Fliegler v. Lawrence
Facts
Lawrence, Agau's president, acquired antimony properties personally and offered them to Agau, but Agau's board concluded that Agau was not financially or legally able to acquire and develop them at that time. The properties were instead transferred to USAC, a closely held corporation majority-owned by the individual defendants, and USAC granted Agau a long-term option to acquire all USAC stock in exchange for 800,000 shares of Agau restricted stock. The individual defendants were directors and officers of both corporations and therefore stood on both sides of the option transaction. After Agau's board voted to exercise the option and shareholders approved, the plaintiff challenged both the initial taking of the opportunity and the fairness of the exchange.
Issue
Whether the individual defendants wrongfully usurped a corporate opportunity belonging to Agau, and whether the exercise of Agau's option to acquire USAC for 800,000 Agau shares was an interested transaction that had to be justified as intrinsically fair. Also, whether shareholder approval shifted the burden away from the defendants under 8 Del. C. § 144(a)(2).
Rule
If fiduciaries stand on both sides of a corporate transaction, they bear the burden of proving its intrinsic fairness to the corporation.
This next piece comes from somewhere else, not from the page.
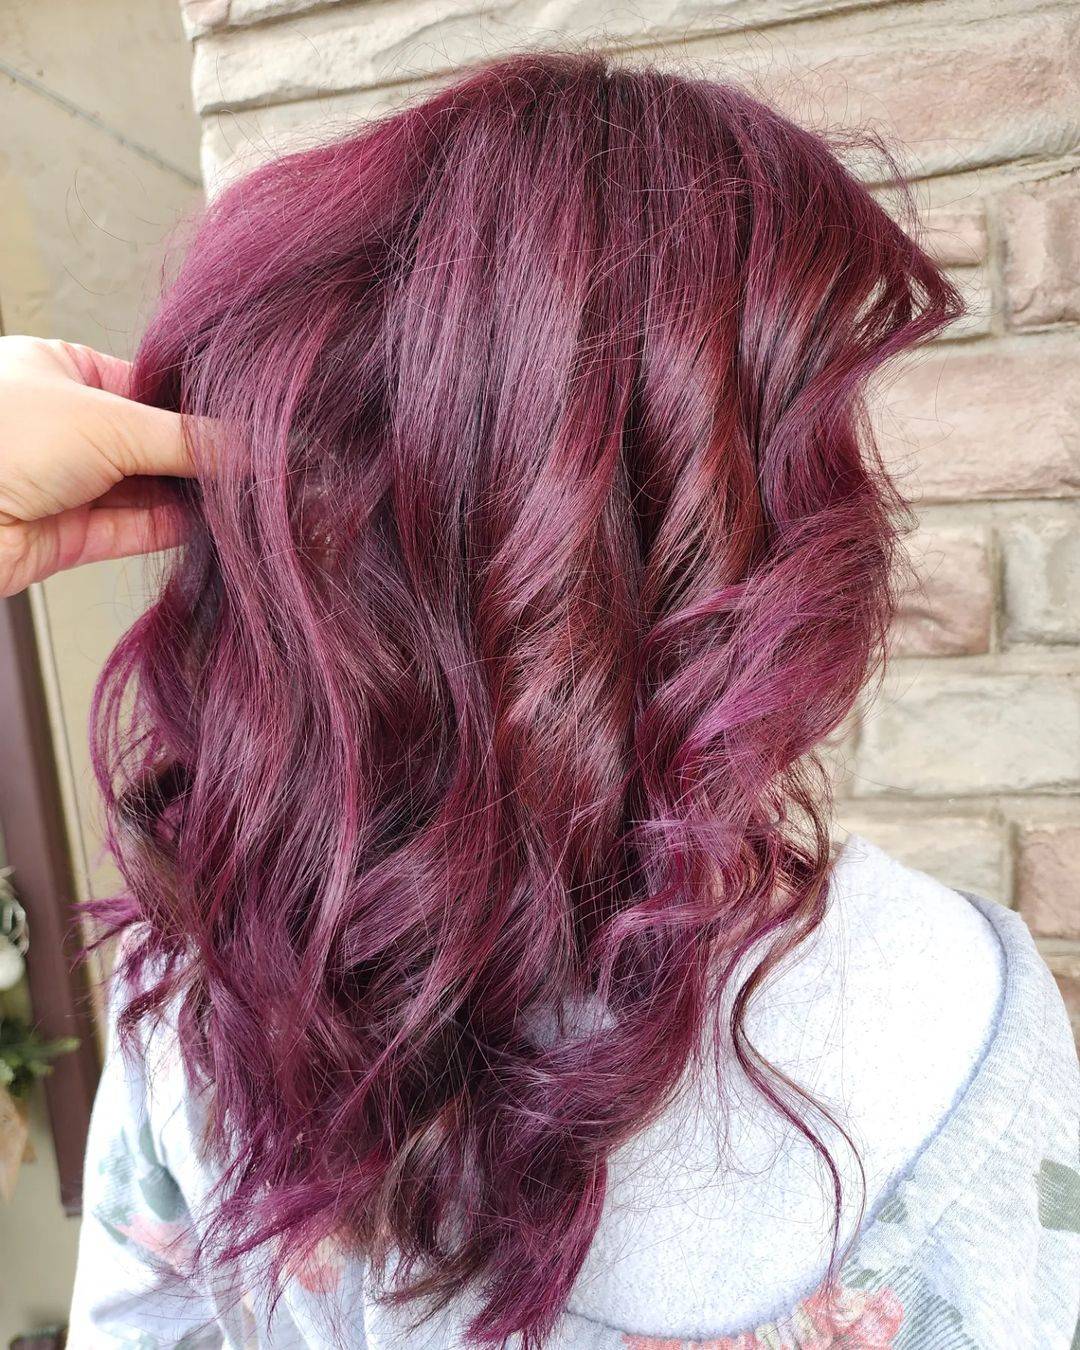 Burgundy hair color 202 burgundy hair color | burgundy hair color for women | burgundy hair color highlights Burgundy Hair Color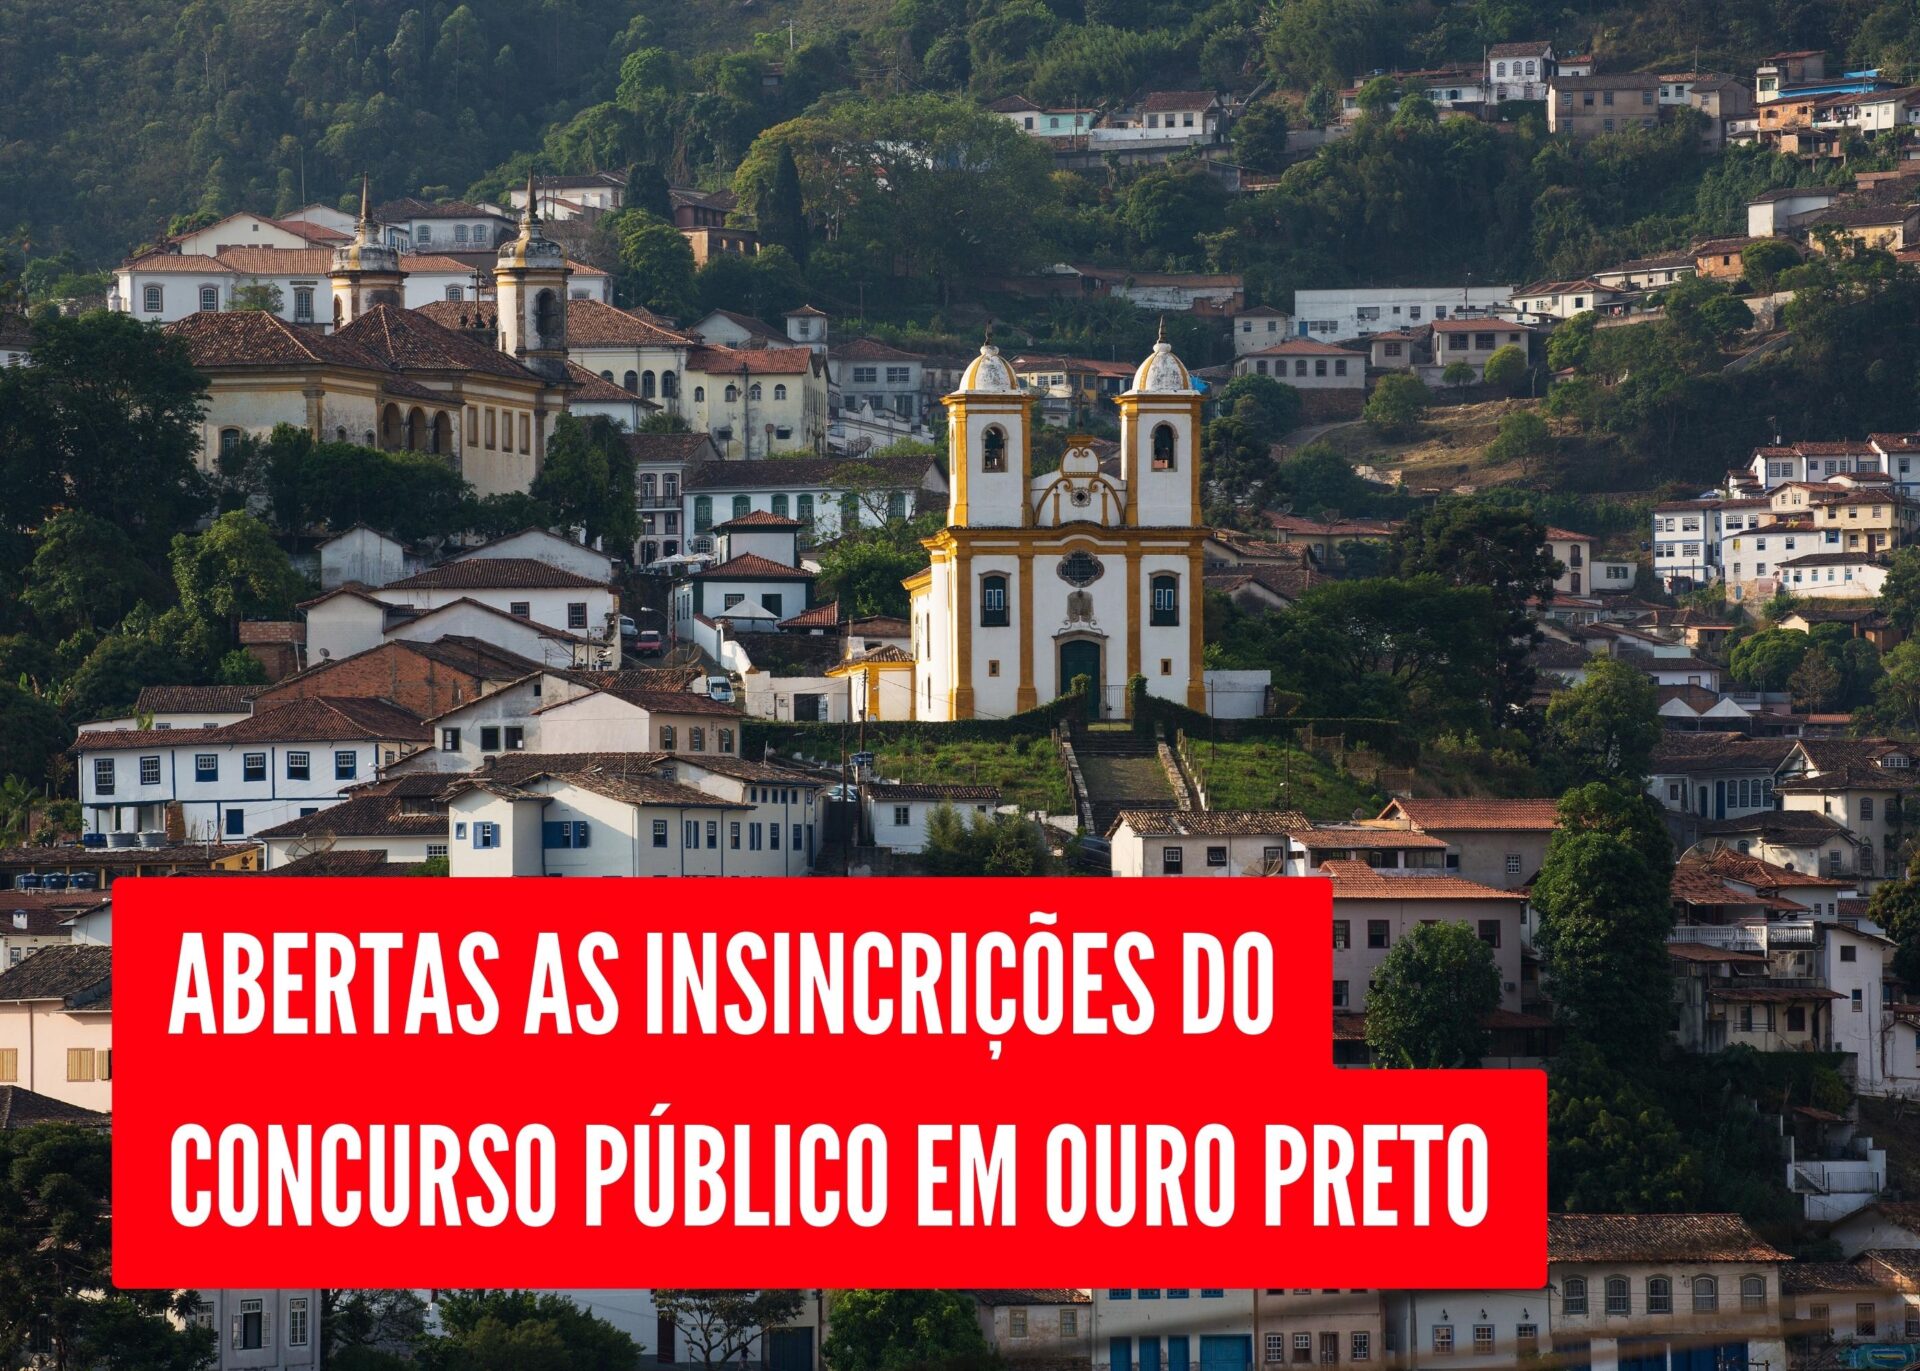 Iniciada as inscrições do concurso público em Ouro Preto, com 376 vagas

Shareholder ratification shifts that burden only when the transaction is approved by a majority of independent, fully informed shareholders; approval based primarily on interested shares does not freshen the atmosphere or alter the fairness inquiry. Section 144 does not grant broad immunity to interested transactions; it only prevents invalidation solely because of the conflict and leaves unfair transactions subject to judicial scrutiny. A corporate opportunity may be taken by fiduciaries after it is offered to the corporation and rejected when the corporation is financially or legally unable to accept it.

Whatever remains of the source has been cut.